▶ Assignment
Repeat, exactly as written, the lines from the one with "What Business Can" to the final line of the listing, and keep every picture out.

▶ Stored data
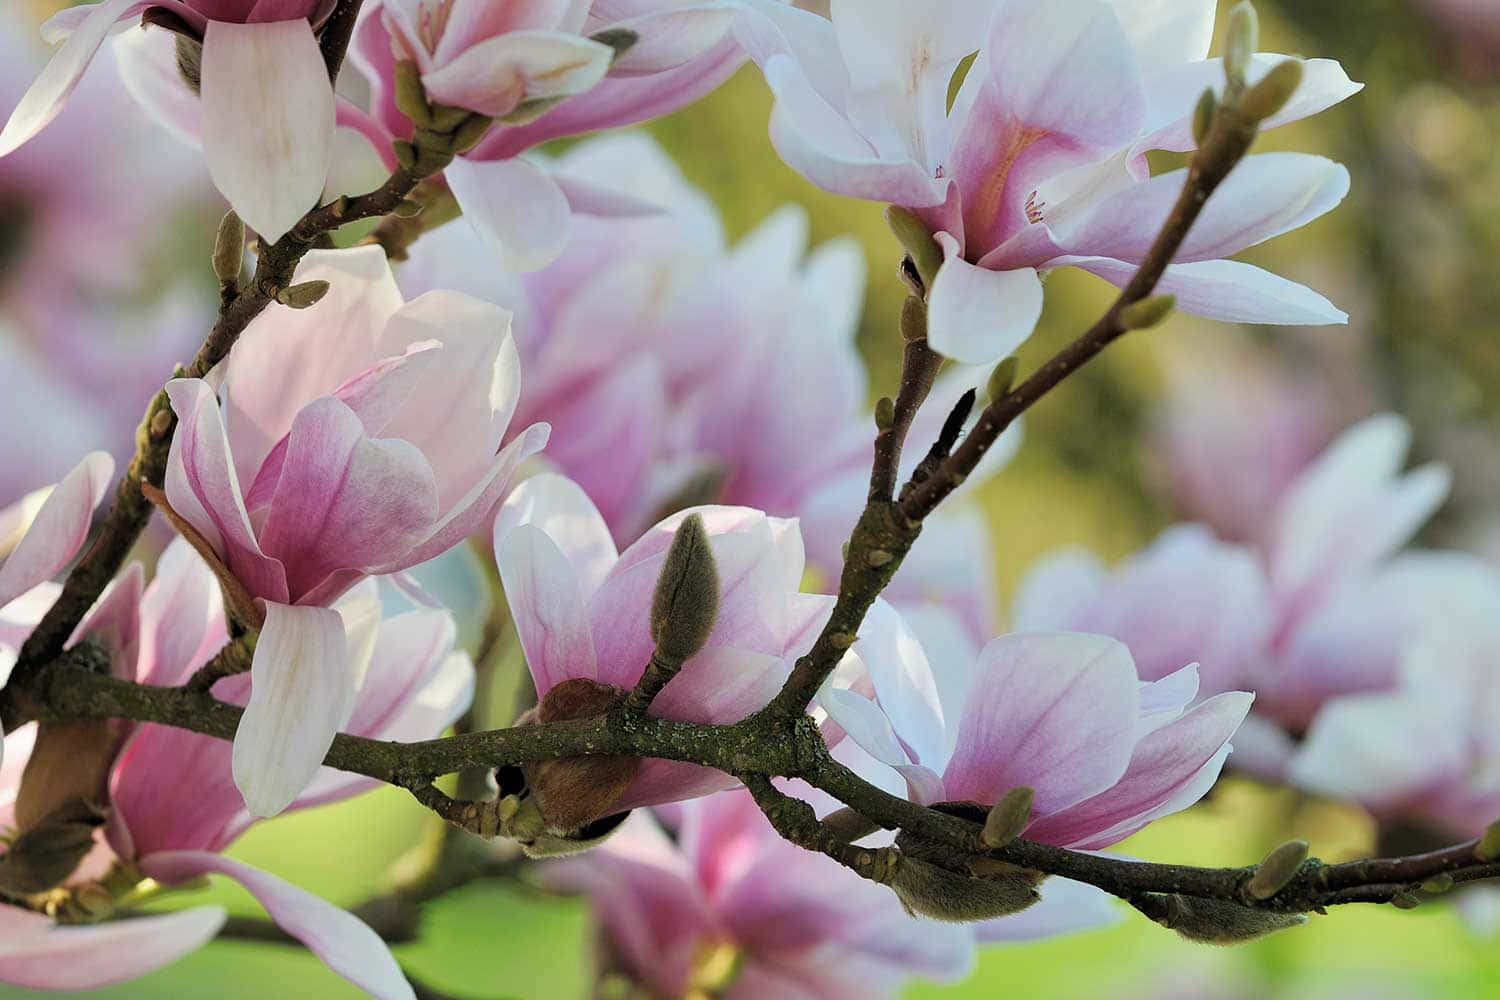 A feast for the eyes: delicate magnolia blossoms
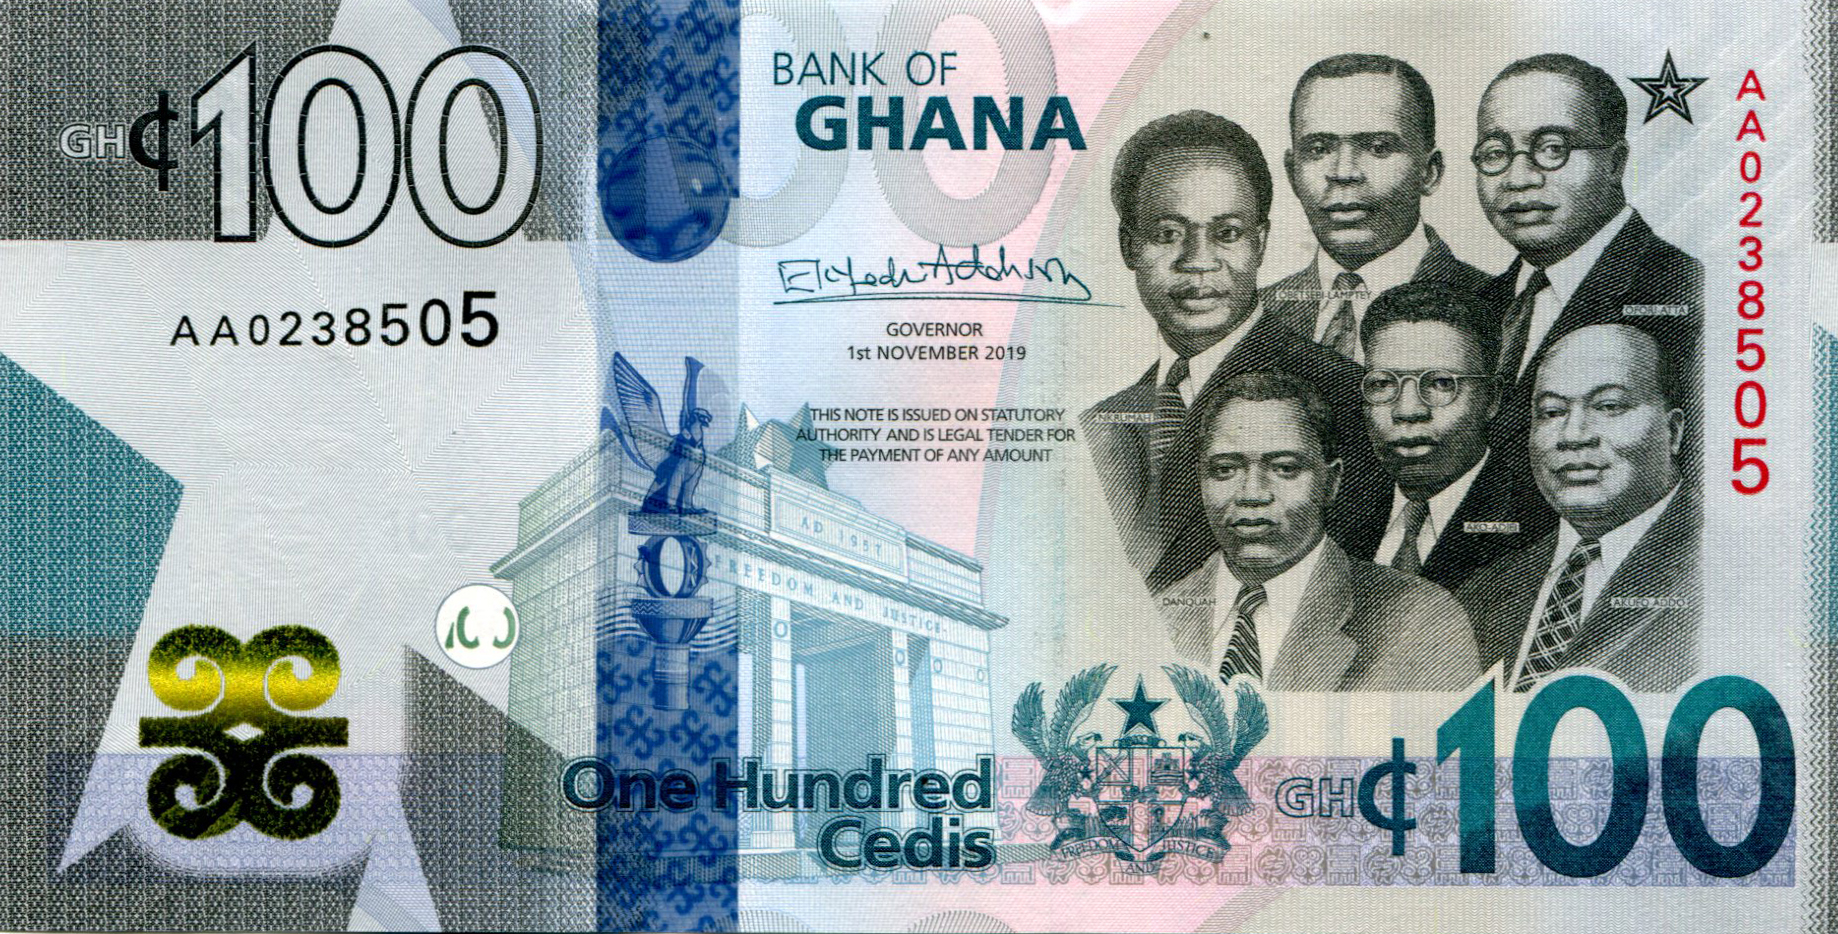 What Business Can I Start With 2000 Ghana Cedis
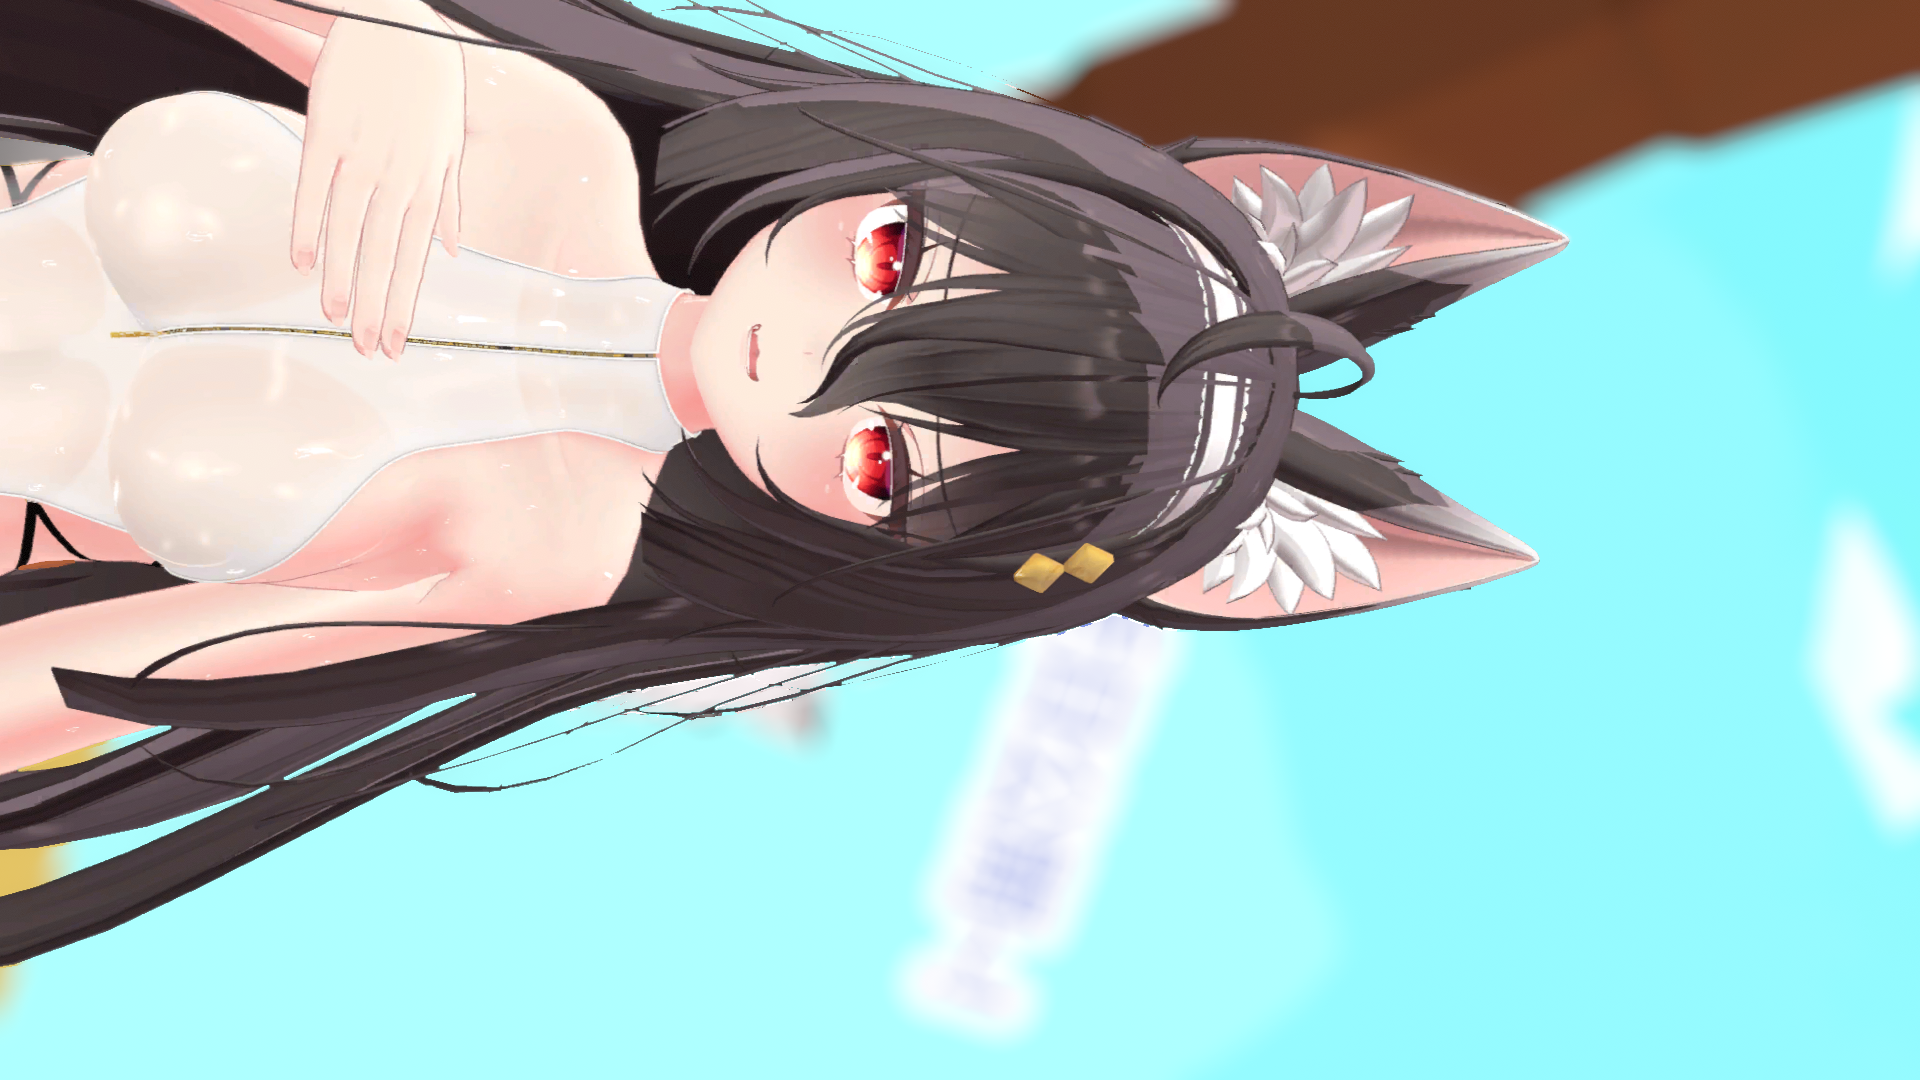 VRChat_1920x1080_2021-12-05_05-21-45.661.png

▶ Output for this exercise
 What Business Can I Start With 2000 Ghana Cedis
 VRChat_1920x1080_2021-12-05_05-21-45.661.png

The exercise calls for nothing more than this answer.